I think people missed out on how great it was because a bunch of the runners botched their implementations at launch, and it wasn't until 2-3 weeks after launch that you could properly evaluate it, and once I could run the evaluations myself on my own tasks, it really became evident how much better it is.
If you haven't tried it yet, or you tried it very early after the release, do yourself a favor and try it again with updated runners.
null
lacoolj
you can run the 120b model on an 8GB GPU? or are you running this on CPU with the 64GB RAM?
I'm about to try this out lol
The 20b model is not great, so I'm hoping 120b is the golden ticket.
ThatPlayer
With MoE models like gpt-oss, you can run some layers on the CPU: https://github.com/ggml-org/llama.cpp/discussions/15396
Mentions 120b is runnable on 8GB VRAM too: "Note that even with just 8GB of VRAM, we can adjust the CPU layers so that we can run the large 120B model too"
gunalx
I have in many cases had better results with the 20b model, over the 120b model. Mostly because it is faster and I can iterate prompts quicker to choerce it to follow instructions.
fm2606
Everything I run, even the small models, some amount goes to the GPU and the rest to RAM.
fm2606
Hmmm...now that you say that, it might have been the 20b model.

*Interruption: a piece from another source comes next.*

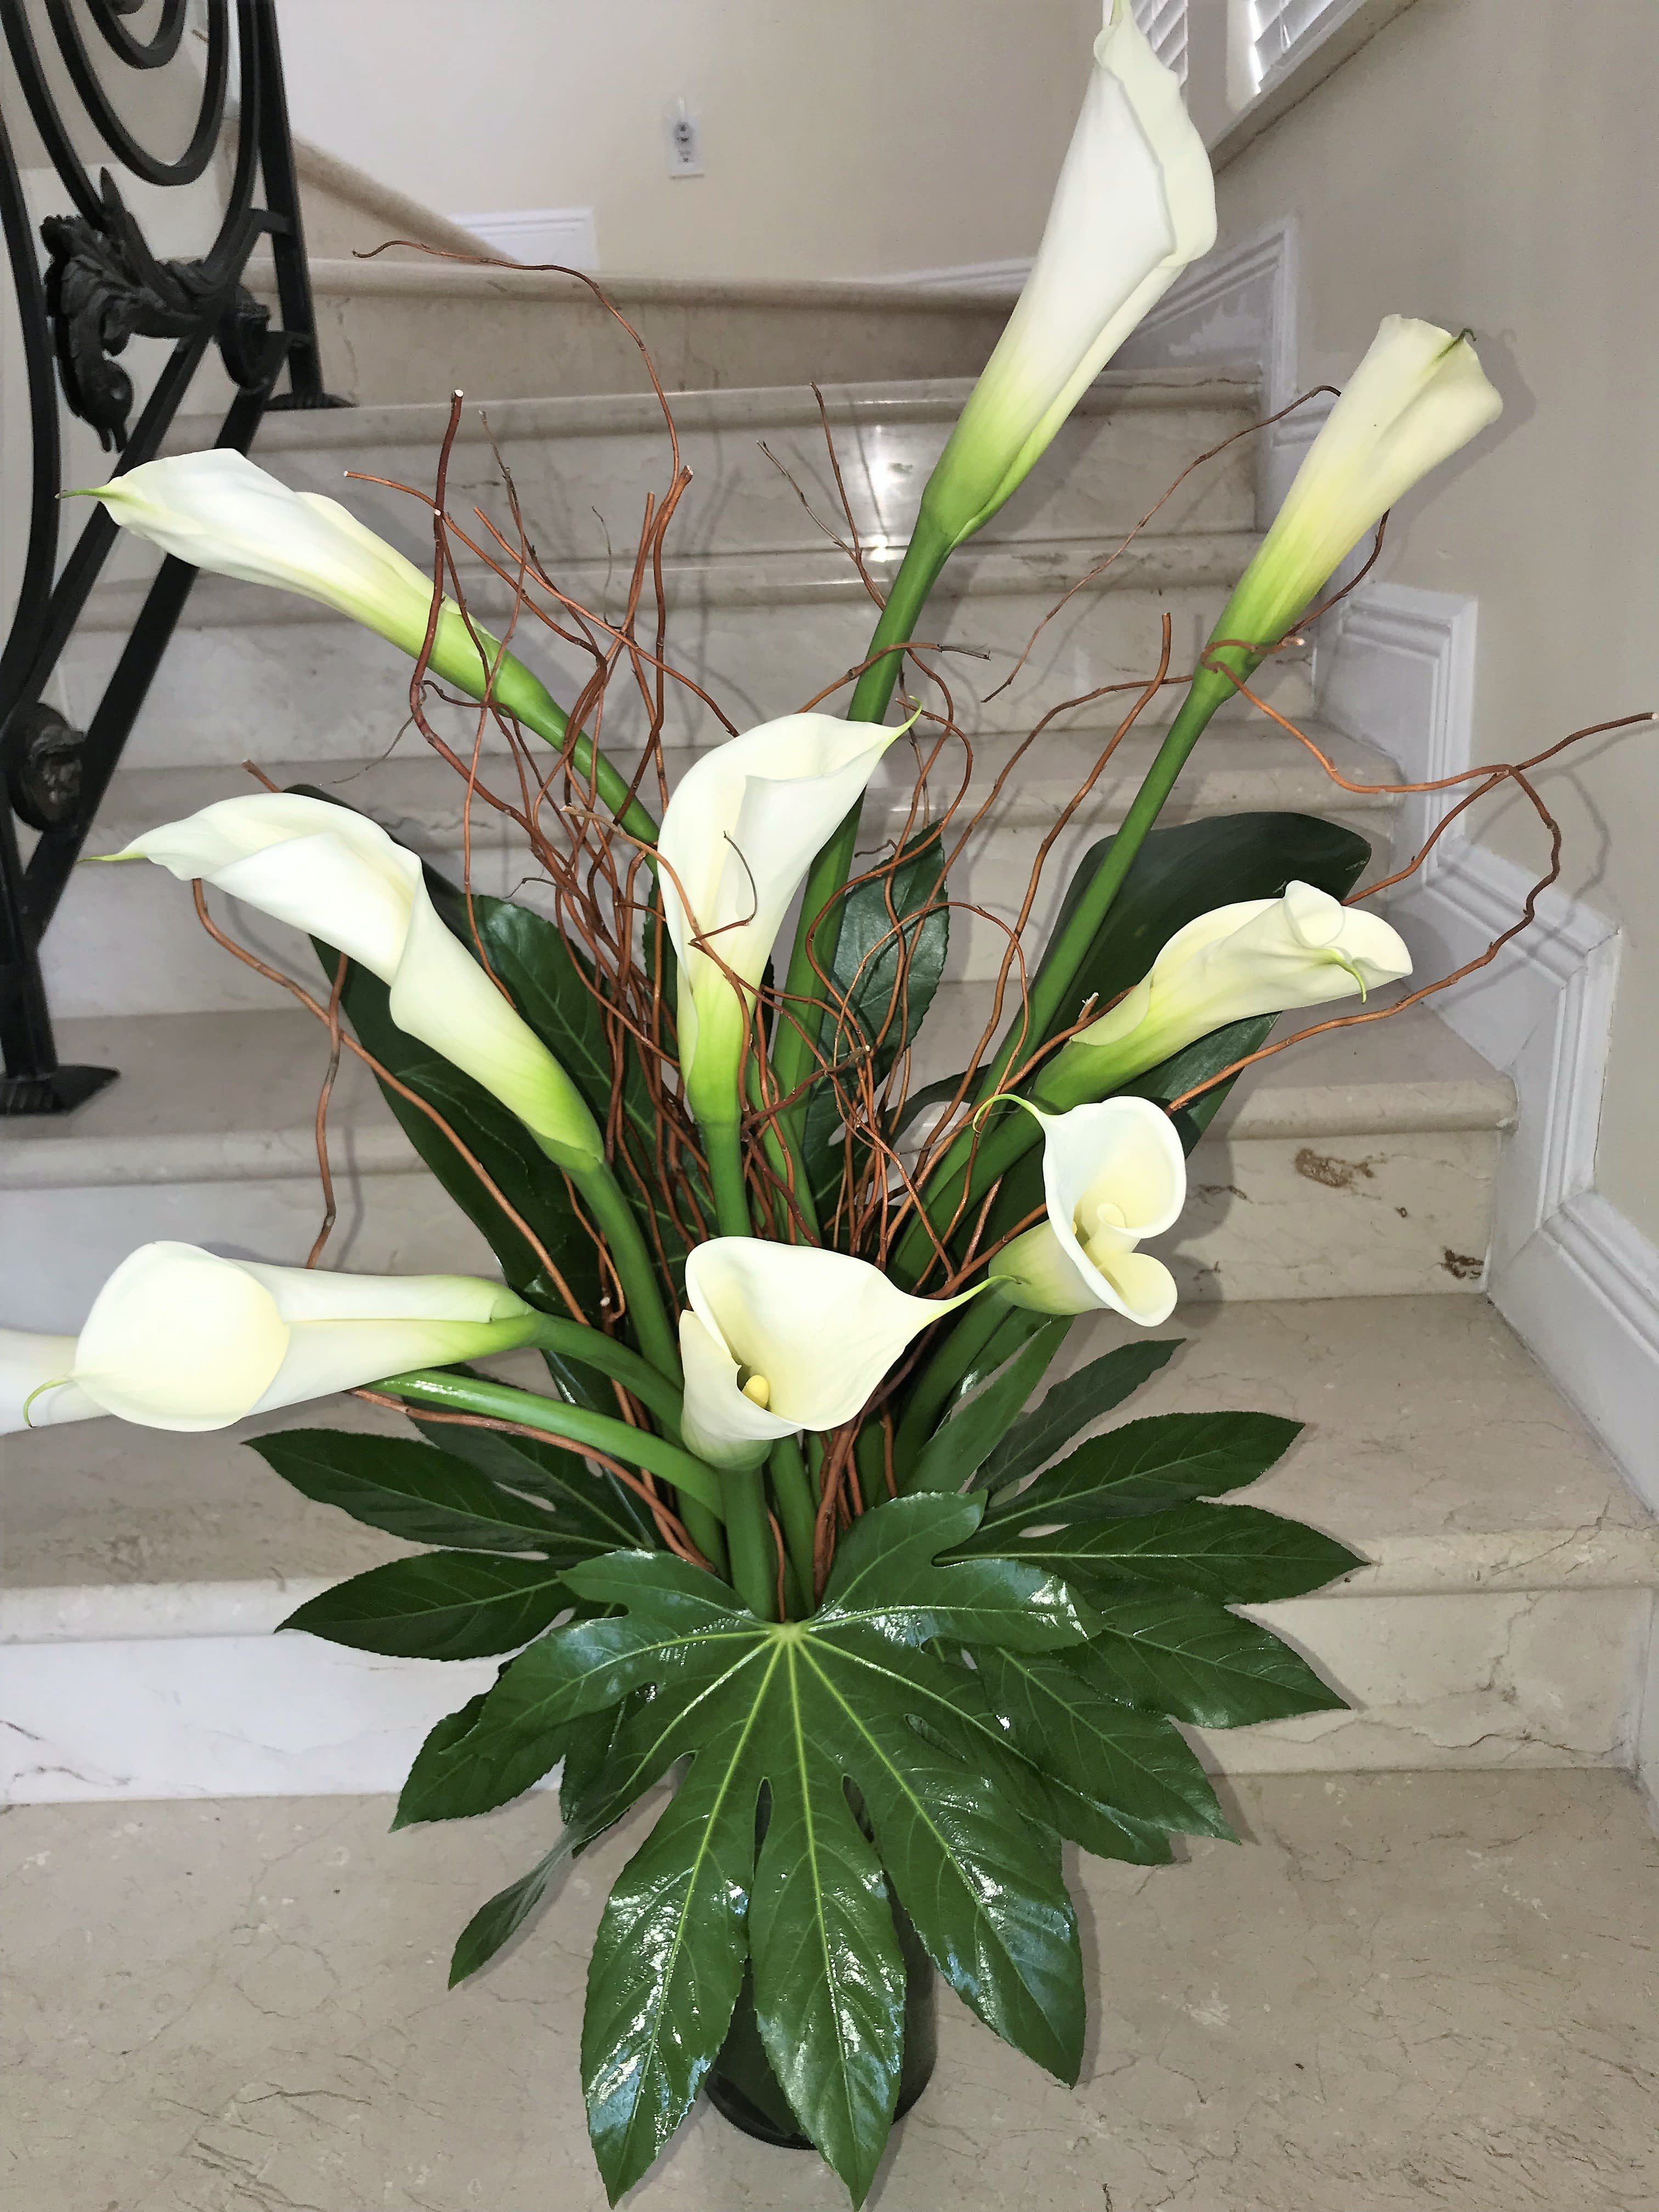 Elegance at its Best with Callas - STANDARD has 10 White Callas, arranged in a vase. DELUXE has 15 Callas arranged in a vase. PREMIUM has 20 Callas and it comes in a bigger vase and more greens.

And like a dumbass I accidentally deleted the directory and didn't have a back up or under version control.
Either way, I do know for a fact that the gpt-oss-XXb model beat chatgpt by 1 answer and it was 46/50 at 6 minutes and 47/50 at 1+ hour. I remember because I was blown away that I could get that type of result running locally and I had texted a friend about it.
I was really impressed but disappointed at the huge disparity between time the two.
dust42
On a Macbook pro 64GB I use Qwen3-Coder-30B-A3B Q4 quant with llama.cpp.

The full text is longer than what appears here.